The first round of shifting production would involve handsets, earphones and smartwatches, as Apple aims to gradually increase manufacturing outside of China due to intensifying geopolitical tensions, Yuanta said in a research note.
Photo: Ann Wang, Reuters
The production of iPhones, which requires highly skilled labor, would be shifted to India, while the production of other products would be moved to Vietnam and Thailand, it said.
“We expect the assembly share of AirPods, Apple Watches, iPads, iPhones and MacBooks in non-China regions to rise from 40 percent, 0 percent, 3 percent, 3 percent and 0 percent in 2022 to 70 percent, 25 percent, 25 percent, 20 percent and 10 percent in 2025 respectively,” Yuanta said.
Major assemblers of Apple products include Hon Hai Precision Industry Co (鴻海精密), Pegatron Corp (和碩), Wistron Corp (緯創), Luxshare Precision Industry Co (立訊精密) and Tata Group for phones; Hon Hai, Compal Electronics Inc (仁寶電腦), Kinpo Group (金仁寶集團) and BYD Co (比亞迪) for iPads; and Quanta Computer Inc (廣達電腦), Hon Hai and Wingtech Technology Co (聞泰科技) for MacBooks.
Hon Hai, Luxshare, Compal and Kinpo are also responsible for Apple Watch assembly, while Luxshare and GoerTek Inc (歌爾聲學) are major AirPod suppliers, Yuanta said.
Apple’s component suppliers have yet to start plans to move production away from China, as the world’s second-largest economy remains an important market for the electronics industry.

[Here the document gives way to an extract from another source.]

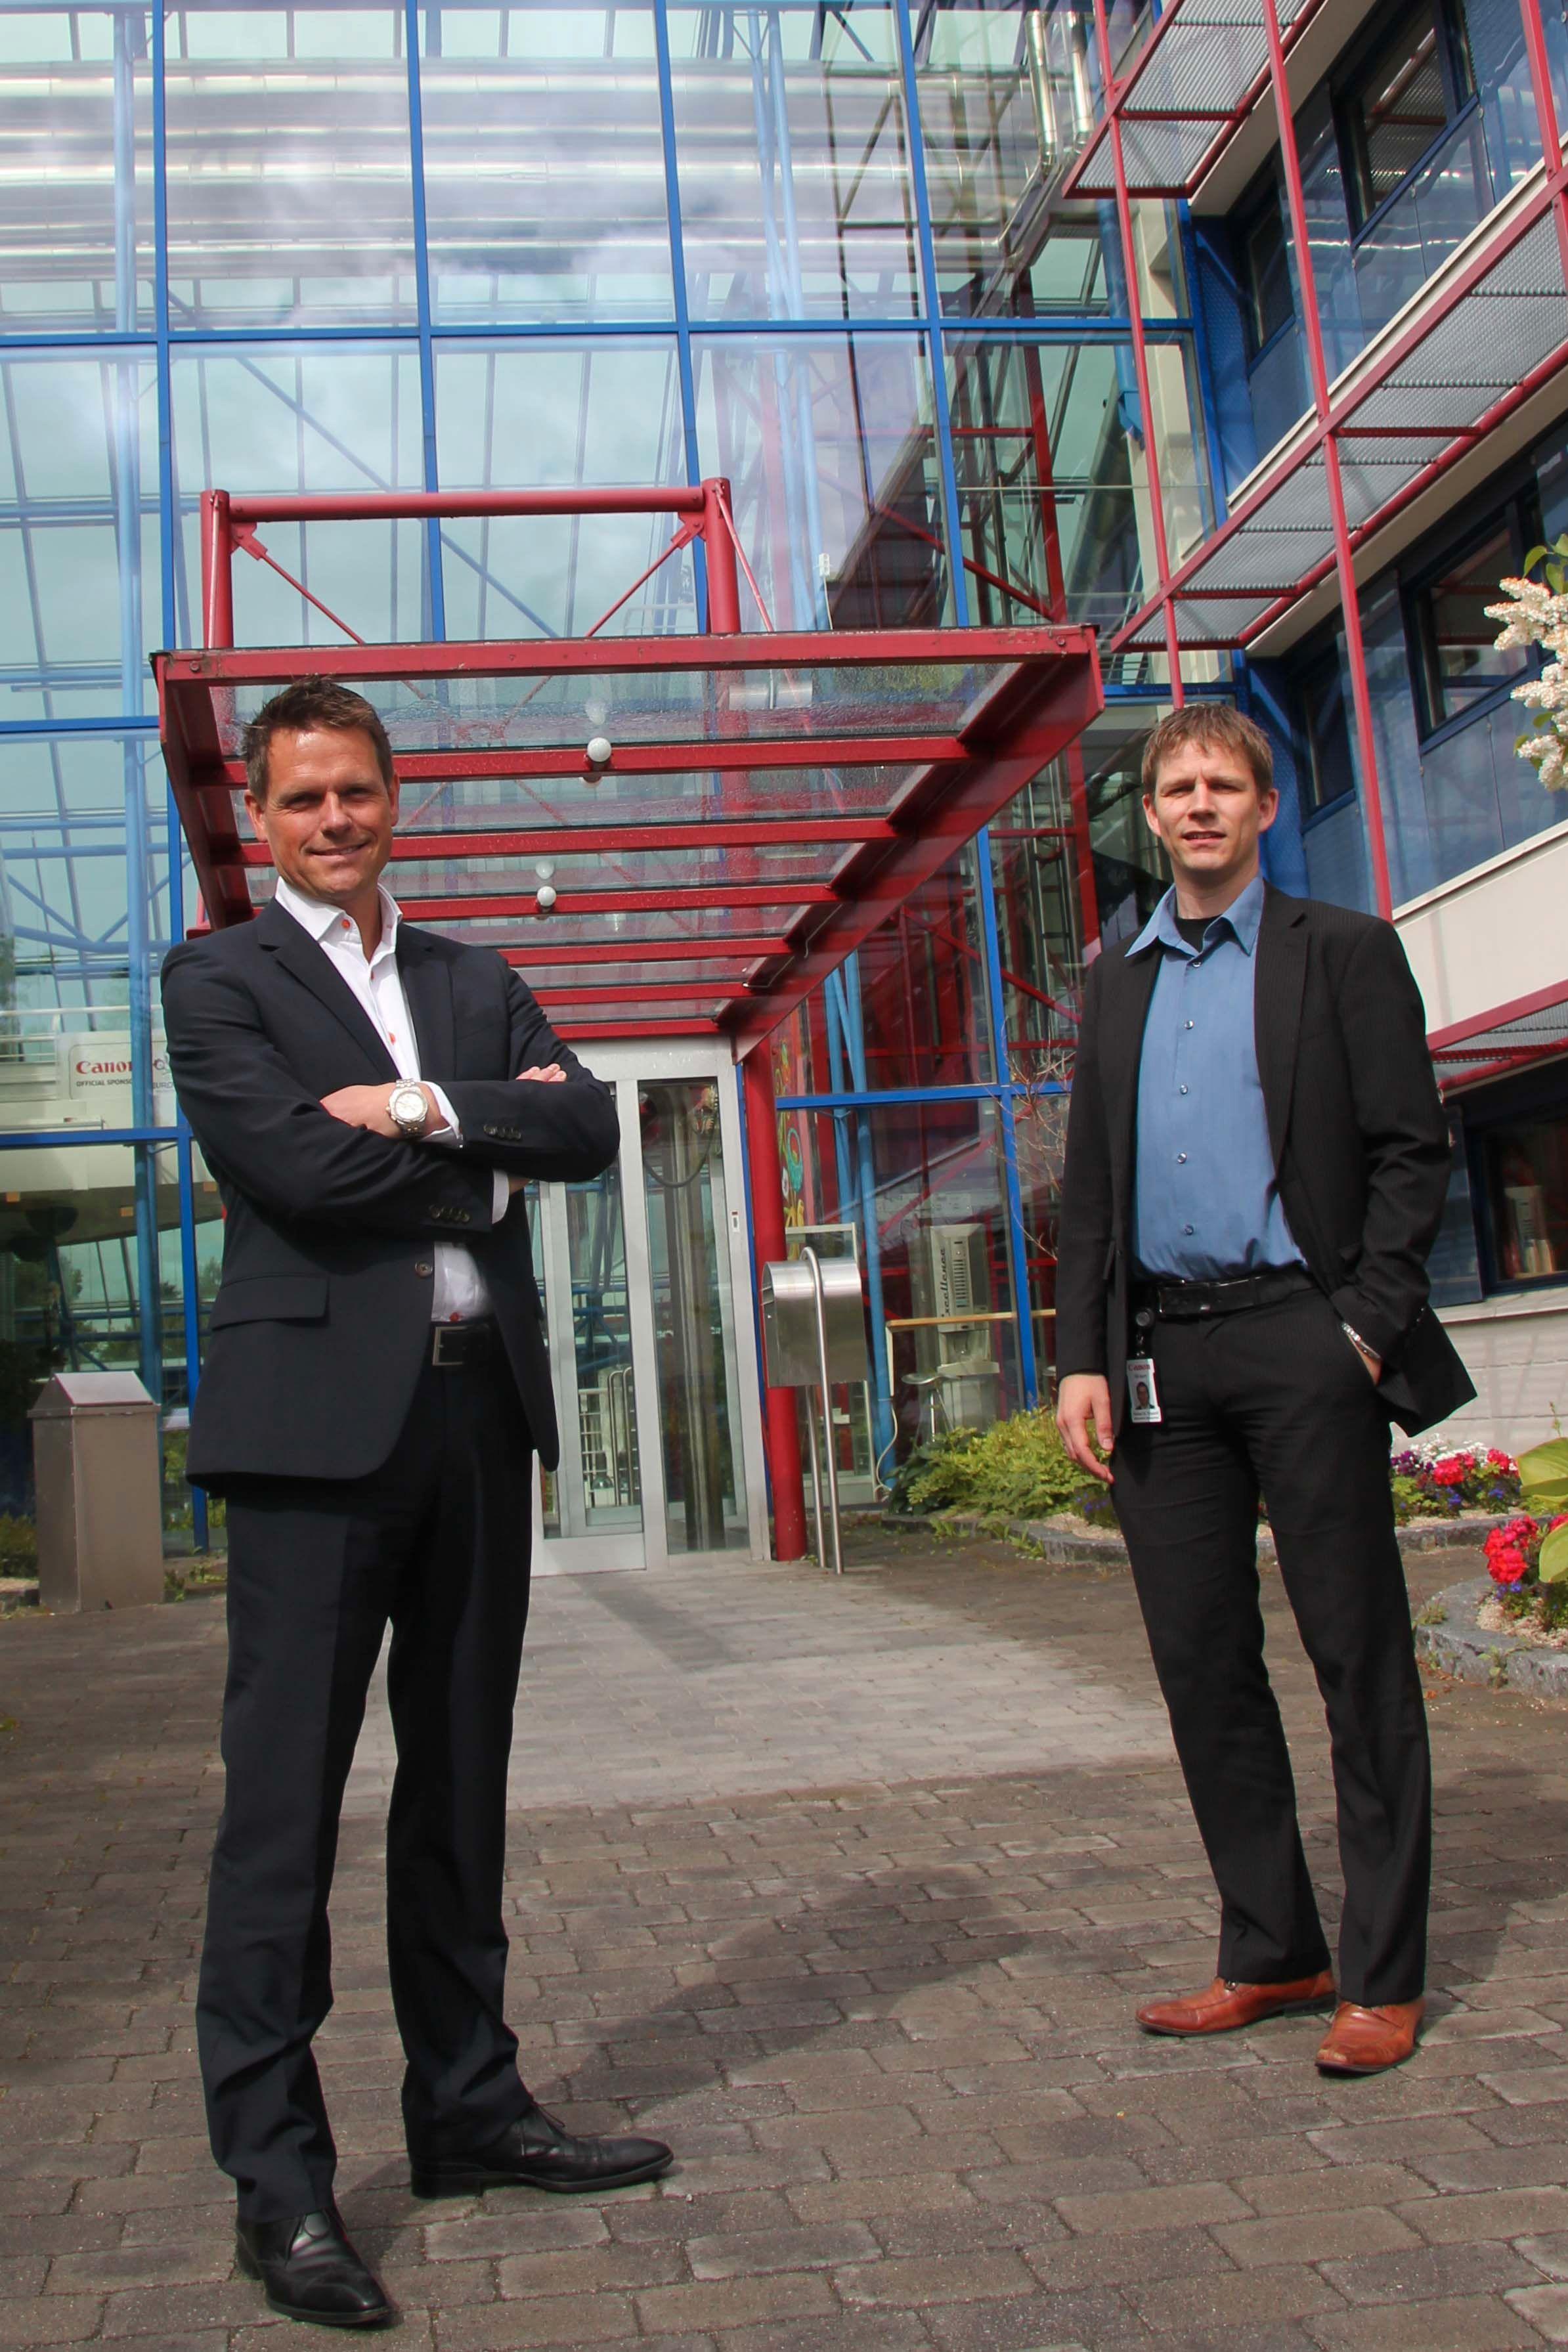 Vidar Vorpenes (venstre) og Steinar H. Nygaard foran inngangen til det spektakulære Canon-bygget på Holmlia.Foto: Atle Skretting

That has led electronics assemblers to tentatively source components via imports, but this is expected to cause assemblers’ production costs to rise 10 to 20 percent as they move away from China, the note said.
Yuanta identified India as a battlefield for iPhone production, as assemblers speed up migration from China to the world’s second-most populous nation, which is offering generous subsidies for electronics makers.
Taiwan's Hon Hai, Pegatron and Wistron have set up plants in India.
For those electronics makers, the costs of importing expensive components could be partially offset by India’s cheaper land and labor costs, compared with China, Yuanta said.
However, the companies’ plants in India are still expected to see 5 to 10 percent increase in operating costs, compared with increases of 10 to 20 percent in Thailand and 5 to 10 percent in Vietnam, Yuanta added.
“In the long term, the capacity from India plants will contribute 40-45 percent of total Apple shipments, mainly supplying North America and India.” Yuanta said. “If domestic market demand grows strongly in India, iPhone shipments could also return to setting new highs.”
India accounts for just 3 percent of global iPhone consumption, far behind major markets such as the US, Europe, Japan and China, it added.